Once prior mismatches are considered, overmatched enrollment—the quintessential indicator used in the “mismatch hypothesis” and one focus of the scholarly and legal debate on affirmative action in higher education—has no dire consequences on student outcomes: Overmatched students, the ones mentioned by Justice Thomas, and their matched counterparts are equally likely to graduate (61 percent for both groups). In contrast, undermatched students, who are substantially above their class average, are less likely to graduate than their matched counterparts (55 percent vs. 6 percent, respectively). These findings are consistent with prior studies and highlight the importance of a challenging and stimulating social and academic environment to promote the retention of high achievers (Hoxby and Turner 2013; Kang and García Torres 2019). They also reveal that match states in application and admission are more consequential for graduation than mismatched enrollment; the latter is important mainly for undermatched students. 24
Together, the results shown in Table 5 and Figure 1 support the second tenet of the longitudinal framework: All stage-specific mismatches along the college pipeline are uniquely consequential for students’ graduation, given the entire pathway. They also reveal a critical point: Cross-sectional (single-stage) models yield biased estimates of stage-specific match-graduation associations.

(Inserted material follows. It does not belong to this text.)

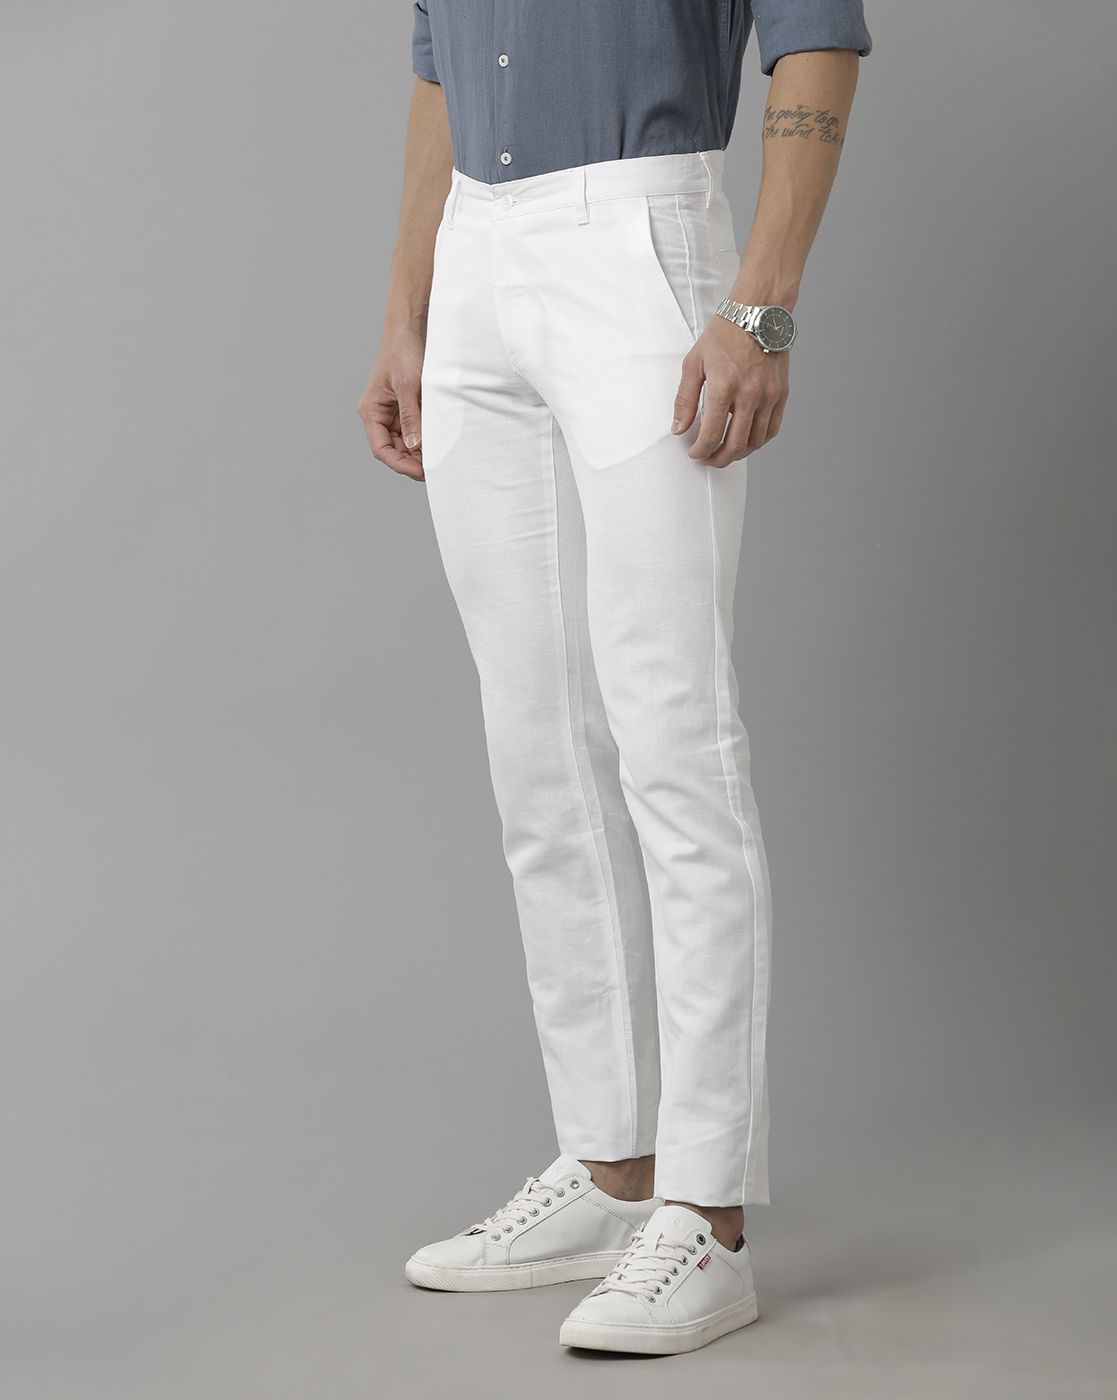 Buy OffWhite Trousers  Pants for Men by NETPLAY Online  Ajiocom

The Match Pathway and Graduation Likelihood
The third and fourth tenets posit that the match pathway has a distinct effect on graduation and that the effect of stage-specific matches on graduation is path-dependent, so it may vary when nested in different configurations. The value of the longitudinal perspective is clear in Figure 2. The figure plots the adjusted graduation probabilities of each unique pathway for the 12 most prevalent configurations outlined in Table 3. These predicted probabilities come from a model accounting for students’ specific match pathway configurations and are adjusted to the characteristics of the average student in our population. Thus, differences in the predicted graduation probabilities are driven by the mismatch pathway rather than by students’ academic and sociodemographic profiles. Pathways are ordered by their expected graduation probabilities, and the configuration numbers from Table 3 are retained for consistency.

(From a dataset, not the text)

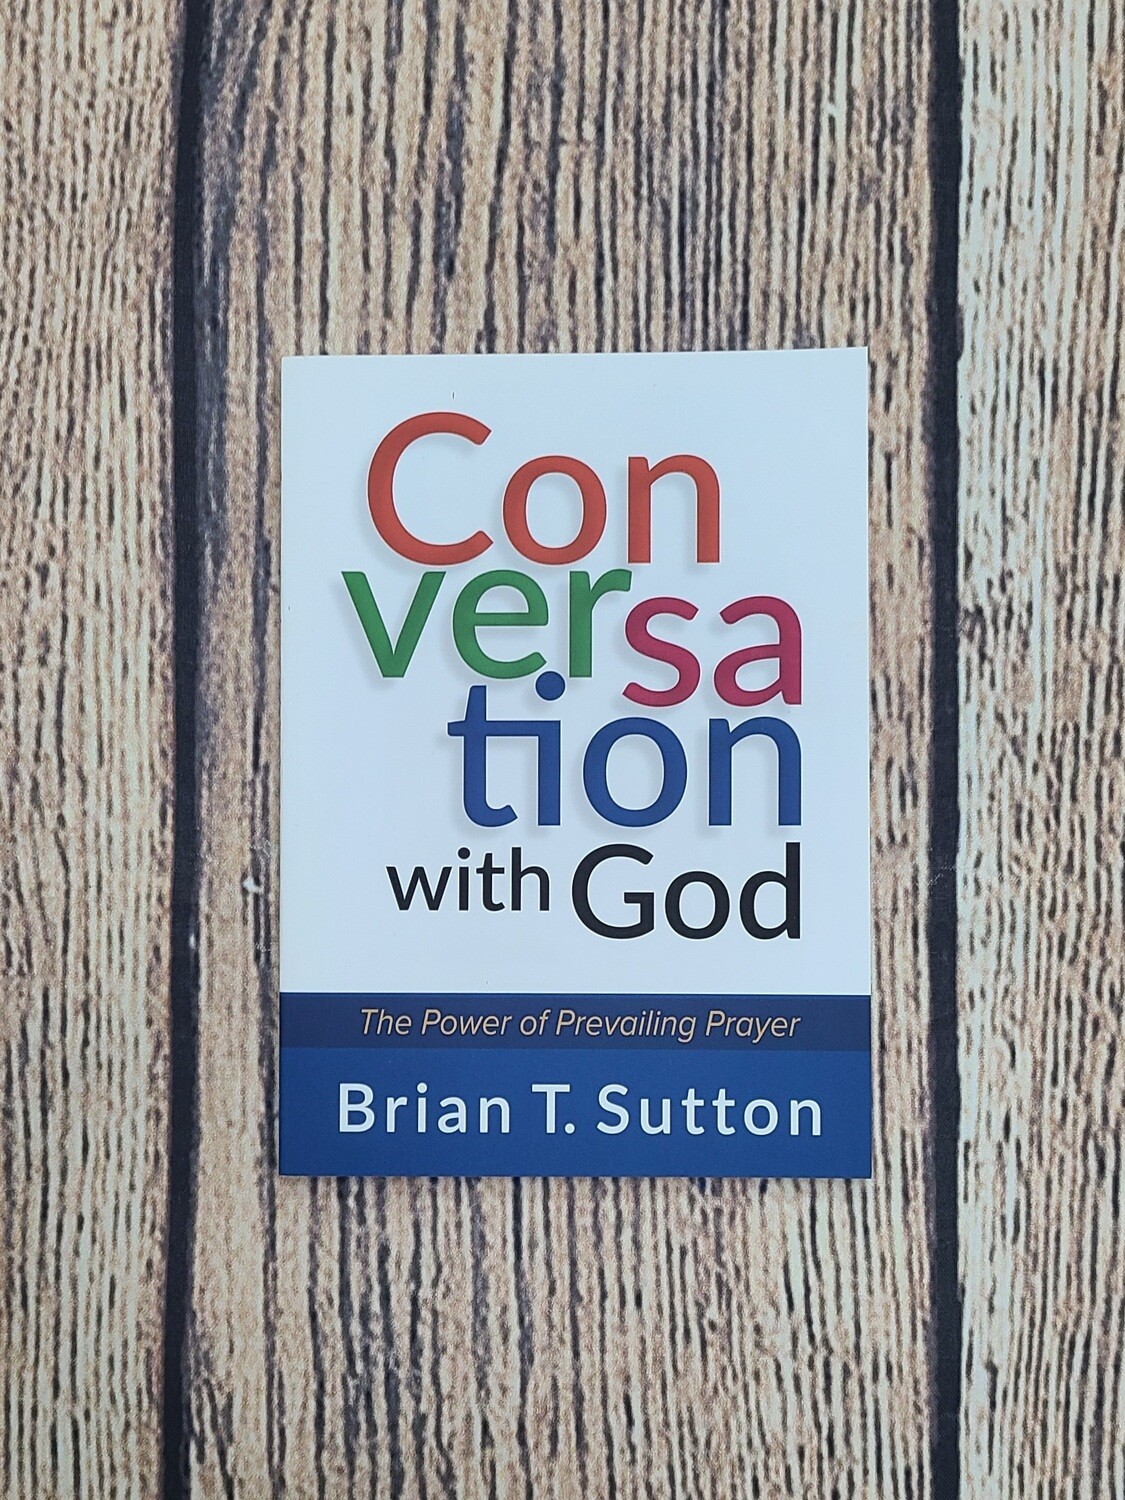 Conversation with God by Brian T. Sutton

The expected graduation probability of students who are on the fully matched pathway (Configuration 1) is 0.65. Interestingly, the graduation probabilities of students with reach applications, aligned admission, and overmatched enrollment (i.e., students admitted to their ambitious first-choice program who are substantially below the class average, Configuration 7) are similar (0.66). Although this configuration represents only 4 percent of all students, this is a remarkable finding given that this profile fits the prototype of affirmative action students. This pathway underlies most research on affirmative action policies, and our results corroborate prior findings that discard the mismatch hypothesis (e.g., Alon 2015b; Alon and Tienda 2005; Bowen and Bok 1998). Our results further explain these findings by showing the pathway is important: Students benefit from reaching high in applications and being admitted to their top-choice program; overmatched enrollment does not hurt their persistence. In comparison, students in Configuration 8 also applied to reach programs, but they were not admitted to their first-choice program; they are also overmatched upon enrollment but have much lower expected graduation probabilities (10 percentage points lower: 56 percent vs. 66 percent) because they are misaligned in admission. Thus, students reap the benefits of ambitious aspirations only if admitted to their desired program.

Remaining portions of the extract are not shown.